Voters narrowly approved the measure while rejecting a competing effort to ban the death penalty. The state Supreme Court upheld Proposition 66 in 2017, including Liu, who expressed some concerns in that decision but went further in his new opinion. The measure did not enact the “key reforms that leading authorities consider fundamental to a workable death penalty system,” Liu wrote in Thursday’s opinion, which Associate Justice Mariano Florentino-Cuellar joined.
Its promise that death penalty cases would be completely settled in the courts in five years was “more than the system can deliver,” he said. Without additional funding for the court system, the measure cannot reach its goals, Liu said.
He added that “the promise of justice in our death penalty system is a promise that California has been unable to keep” and a discussion on the effectiveness and cost of capital punishment was overdue.

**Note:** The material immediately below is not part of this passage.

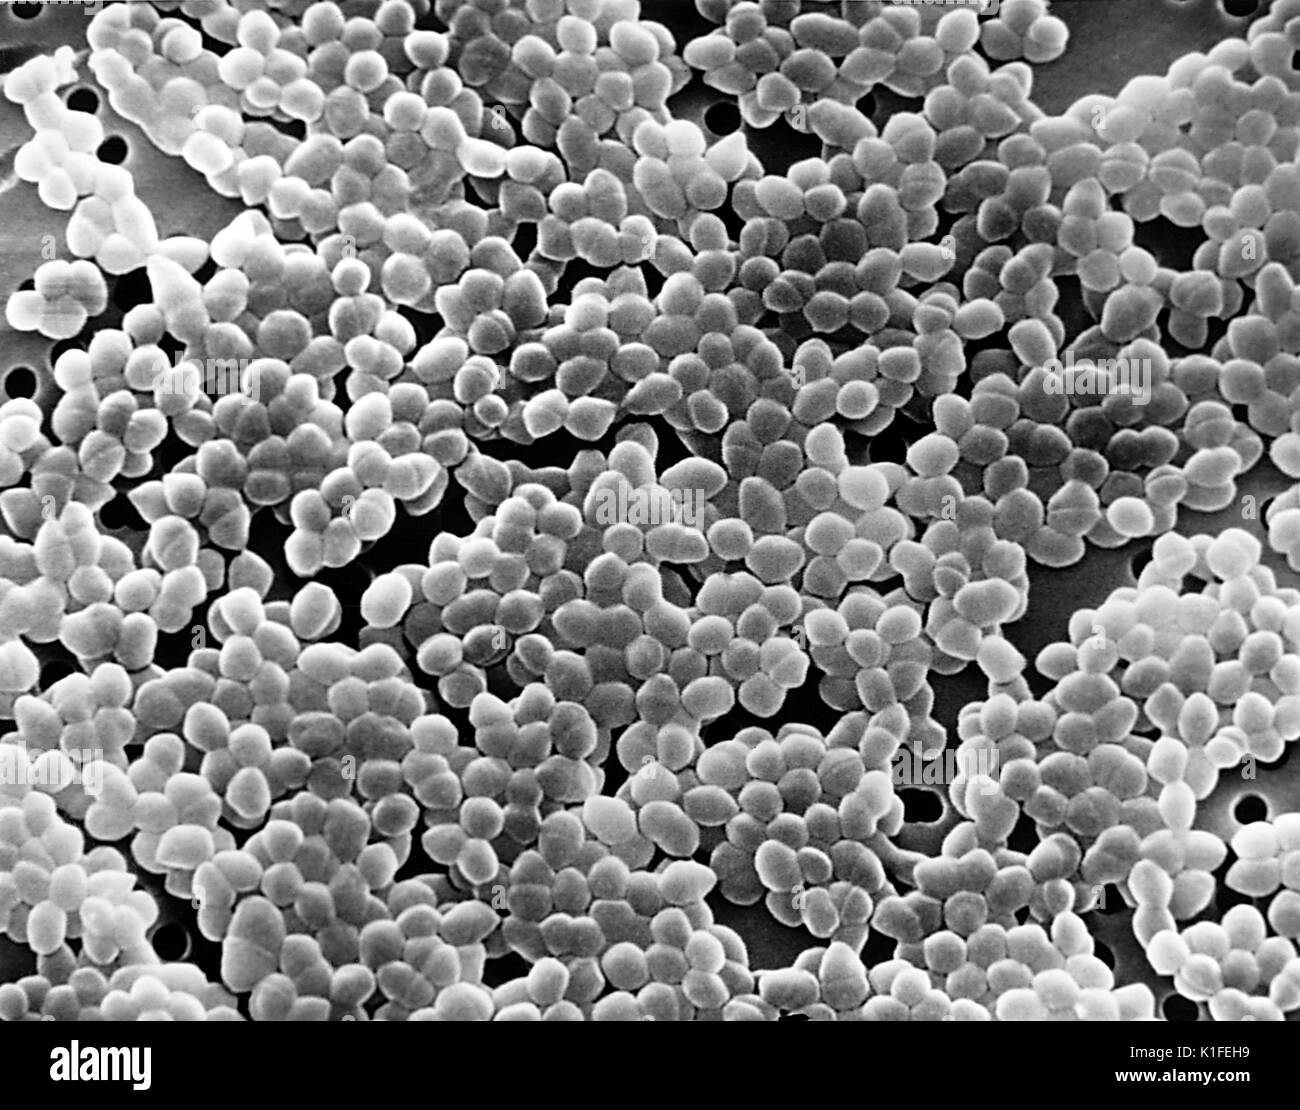 Diese Scanning Electron Micrograph (SEM) eine große Anzahl von Gram-positiven Bakterien Enterococcus Sp.. Sie PHIL 12802, für eine Digital-eingefärbte Version dieses Bildes. Mit freundlicher CDC. 1990. Stockfoto

California has the nation’s largest death row, with 737 inmates. Only 13 people have been executed since 1978 — the last in 2006. Condemned inmates are more likely to die of old age during decades of appeals.
Newsom praised Liu’s opinion in a statement Thursday. When he signed the moratorium this month, the governor said the death penalty is applied unevenly and that innocent people can find themselves on death row. He said he also may commute death sentences and is pushing to ban capital punishment. Fellow Democratic lawmakers introduced a ballot measure that would repeal the death penalty next year.
Critics, including President Donald Trump, accused Newsom of usurping voters’ will. Some said his decision could face legal challenges.
In a poll released Thursday by the Public Policy Institute of California, just 38 percent of likely voters favored the death penalty when asked whether someone convicted of first-degree murder should get a death sentence or life in prison with no possibility of parole.